It’s a great time to jump into the job market.
Wages for new workers in the United States were 5% higher in March than a year ago, according to private-sector payroll data provided to CNNMoney by ADP.
Pay is growing faster for new hires than for people staying put at their jobs or switching to a different company. Overall pay grew 2.9%.
For recent graduates landing a job for the first time or workers re-entering the market after time away, wages rose in every sector of the economy. The strongest growth was in the information and construction industries, ADP found.
Wages grew 7.6% for people who landed a job in the information industry — media, television, data processing, telecommunications and non-internet publishing jobs. And pay for new hires in construction climbed 6.8%.
Although the information sector typically seeks white-collar workers and construction relies on blue-collar, the two share a common feature: Both are hungry for skilled workers.
The labor market is short of talent, and employers are willing to pay a premium for qualified workers, explained Ahu Yildirmaz, head of the ADP Research Institute.
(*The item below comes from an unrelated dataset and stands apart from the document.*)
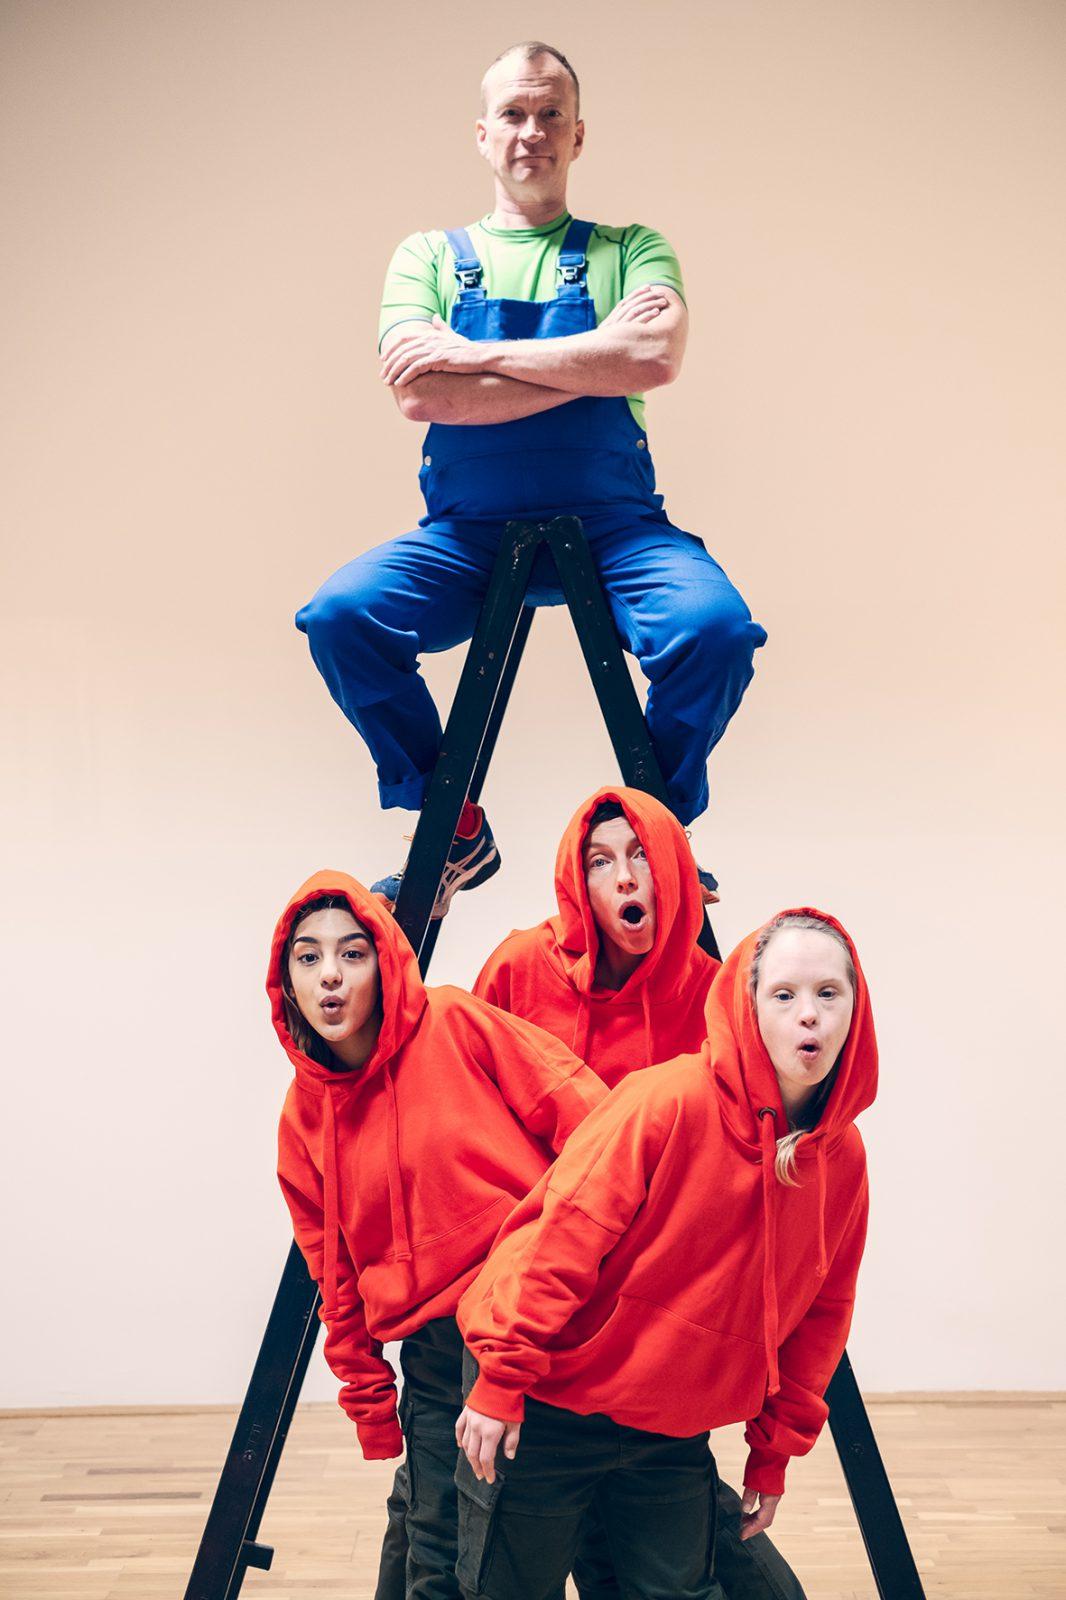 Mann auf einer Leiter, Tänzerinnen davor

ADP’s data reflects a tightening labor market and a country close to what economists consider full employment.
Unemployment is 4.1%, the lowest in 18 years. 6.1 million jobs were unfilled at the end of February, a fraction under last year’s record high, according to the Bureau of Labor Statistics.
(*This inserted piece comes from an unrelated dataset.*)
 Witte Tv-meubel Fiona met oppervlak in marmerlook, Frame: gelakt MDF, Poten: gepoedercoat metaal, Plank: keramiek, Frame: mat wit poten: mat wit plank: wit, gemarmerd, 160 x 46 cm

Employers of all sizes are struggling to fill empty slots. To retain workers and fill new jobs, companies are dishing out one-time bonuses, pay raises and sweeter benefits.
“More companies are offering out-of-the-box benefits that have been traditionally reserved for Silicon Valley companies,” said Jason Guggisberg, a regional vice president at the employment services firm Adecco USA. Employers are also widening their candidate pools and loosening requirements, he said.
The tight market still pays off for employees who switch jobs, ADP found.
One in five private-sector employees switched last year, and wages for job-hoppers climbed 4.4% in March compared with a year earlier.
Wages for employees who changed jobs on the West Coast jumped 8.2% from a year earlier, compared with 1.9% for people who switched in the Midwest and 3% in the South.